**Supplied material**.
+++++

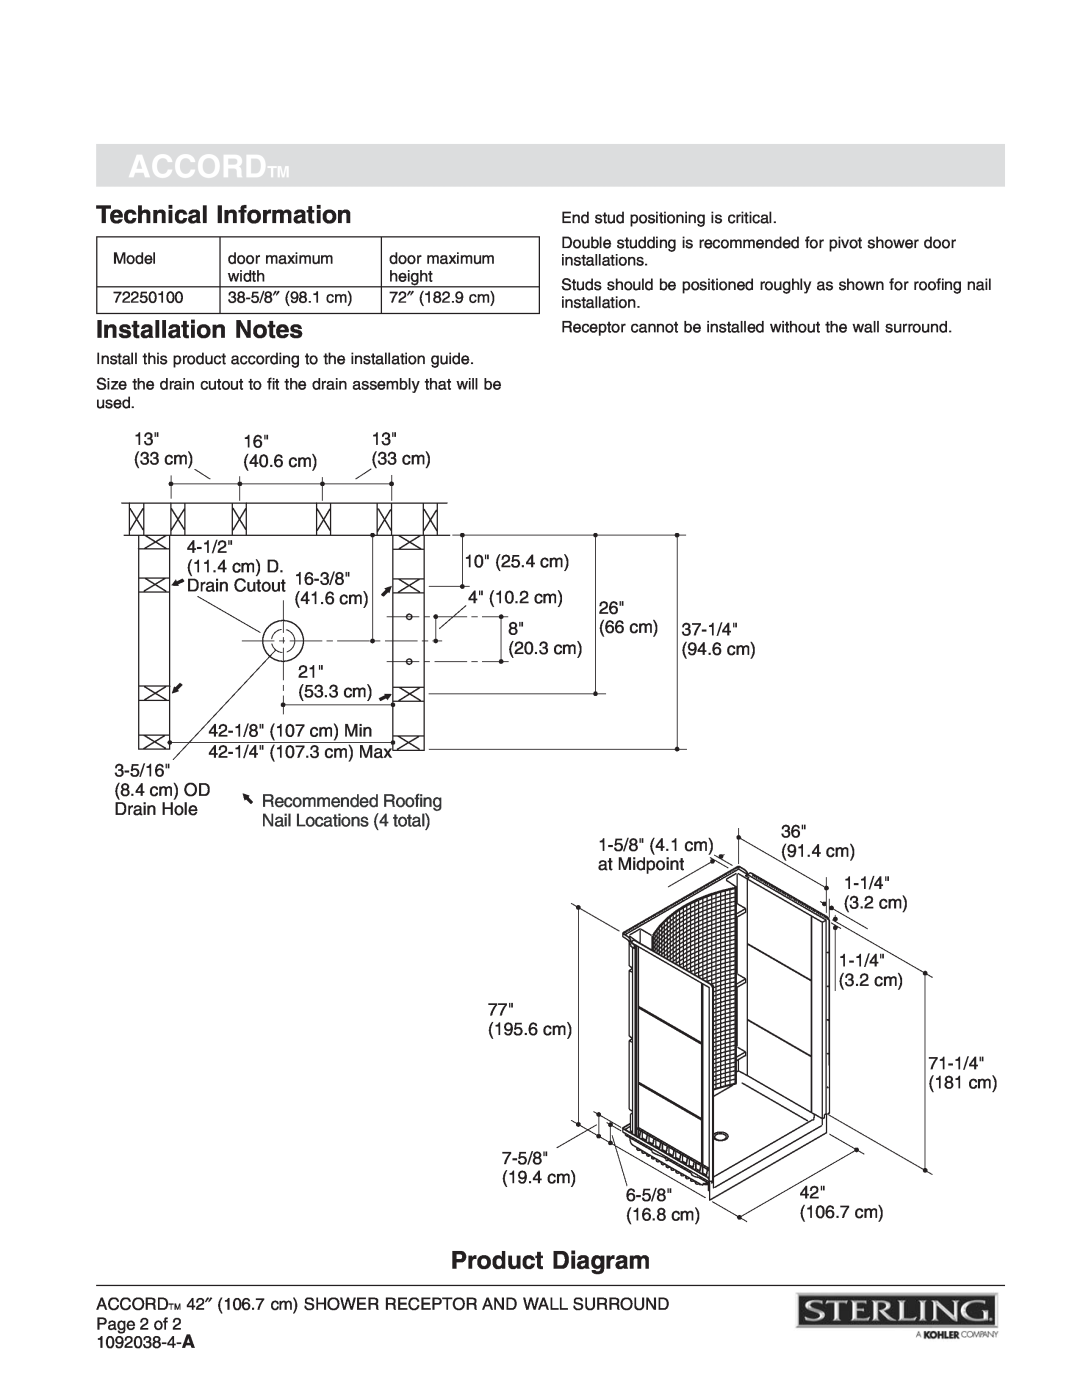 Sterling Plumbing 72250100 warranty Technical Information, Installation Notes, Product Diagram, Accordtm 
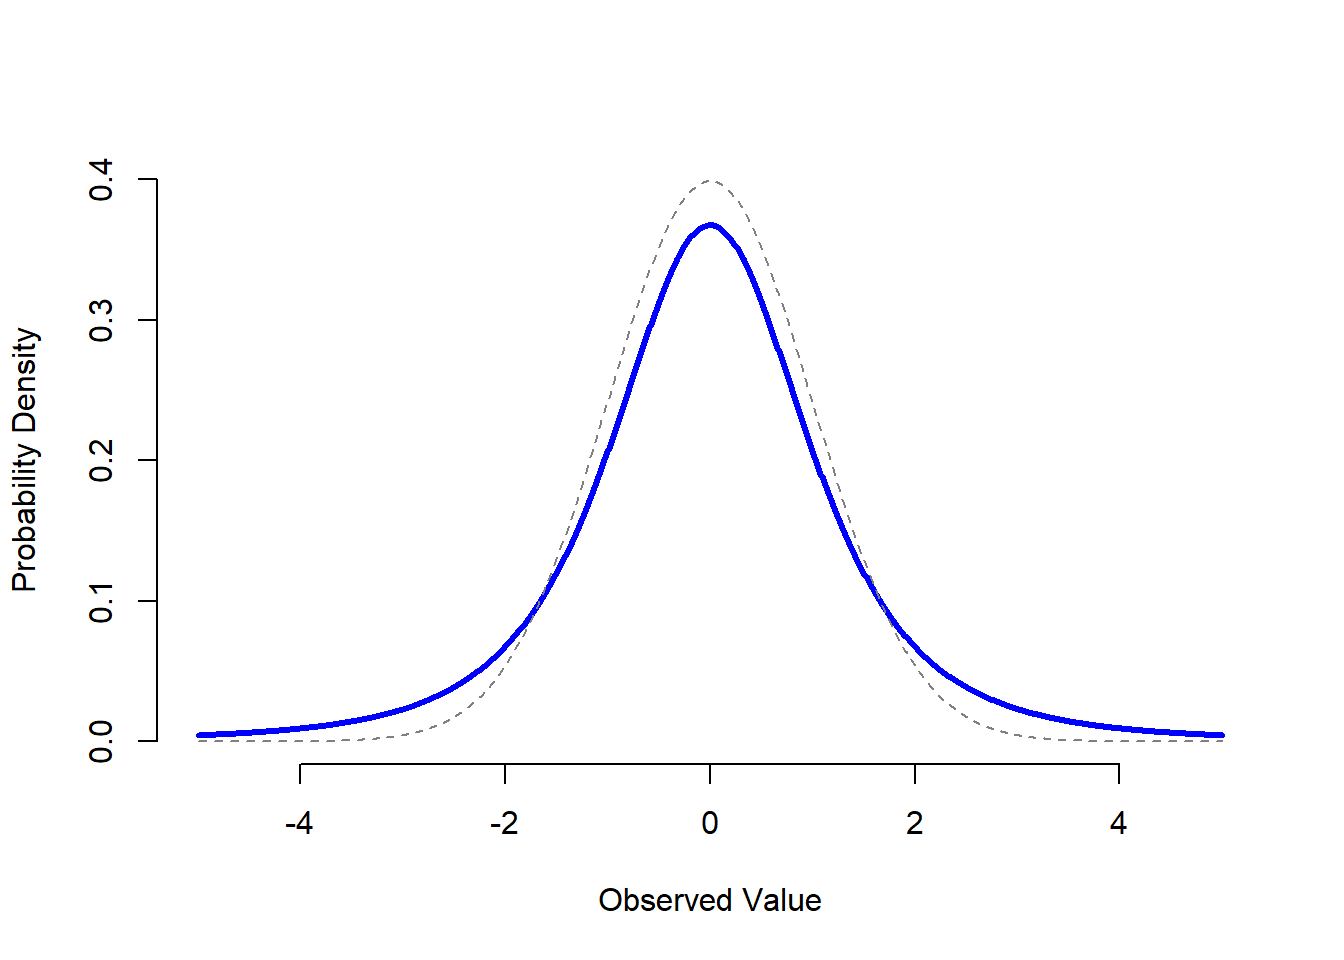 A $t$ distribution with 3 degrees of freedom (solid line). It looks similar to a normal distribution, but it's not quite the same. For comparison purposes, I've plotted a standard normal distribution as the dashed line. Note that the "tails" of the $t$ distribution are "heavier" (i.e., extend further outwards) than the tails of the normal distribution? That's the important difference between the two. 
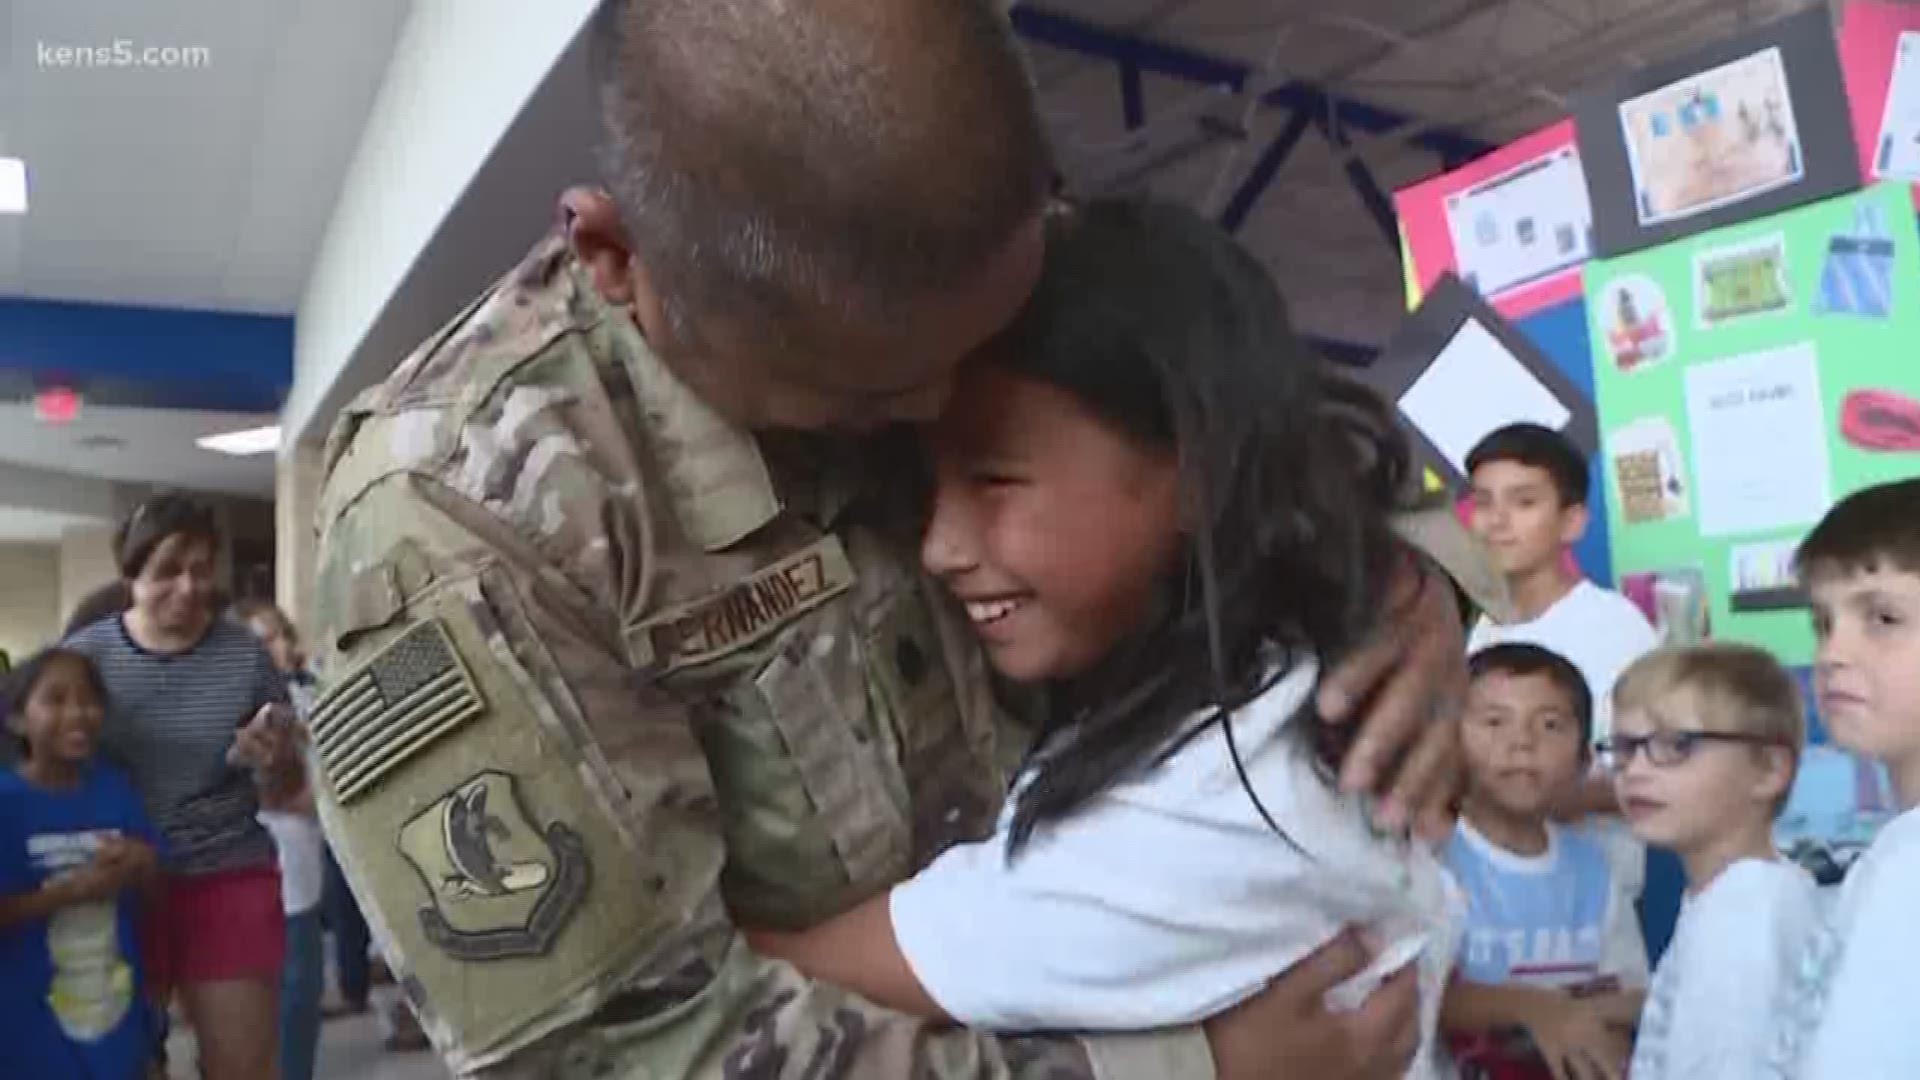 A soldier returned home to San Antonio after spending seven months in Afghanistan. He surprised his daughter during school on Thursday.

+++++

**Work order**.
Pictures are to be left out; otherwise, retype exactly the lines from the first line of the data through the line containing "A $t$ distribution".

**Final answer**.
 Sterling Plumbing 72250100 warranty Technical Information, Installation Notes, Product Diagram, Accordtm 
 A $t$ distribution with 3 degrees of freedom (solid line). It looks similar to a normal distribution, but it's not quite the same. For comparison purposes, I've plotted a standard normal distribution as the dashed line. Note that the "tails" of the $t$ distribution are "heavier" (i.e., extend further outwards) than the tails of the normal distribution? That's the important difference between the two. 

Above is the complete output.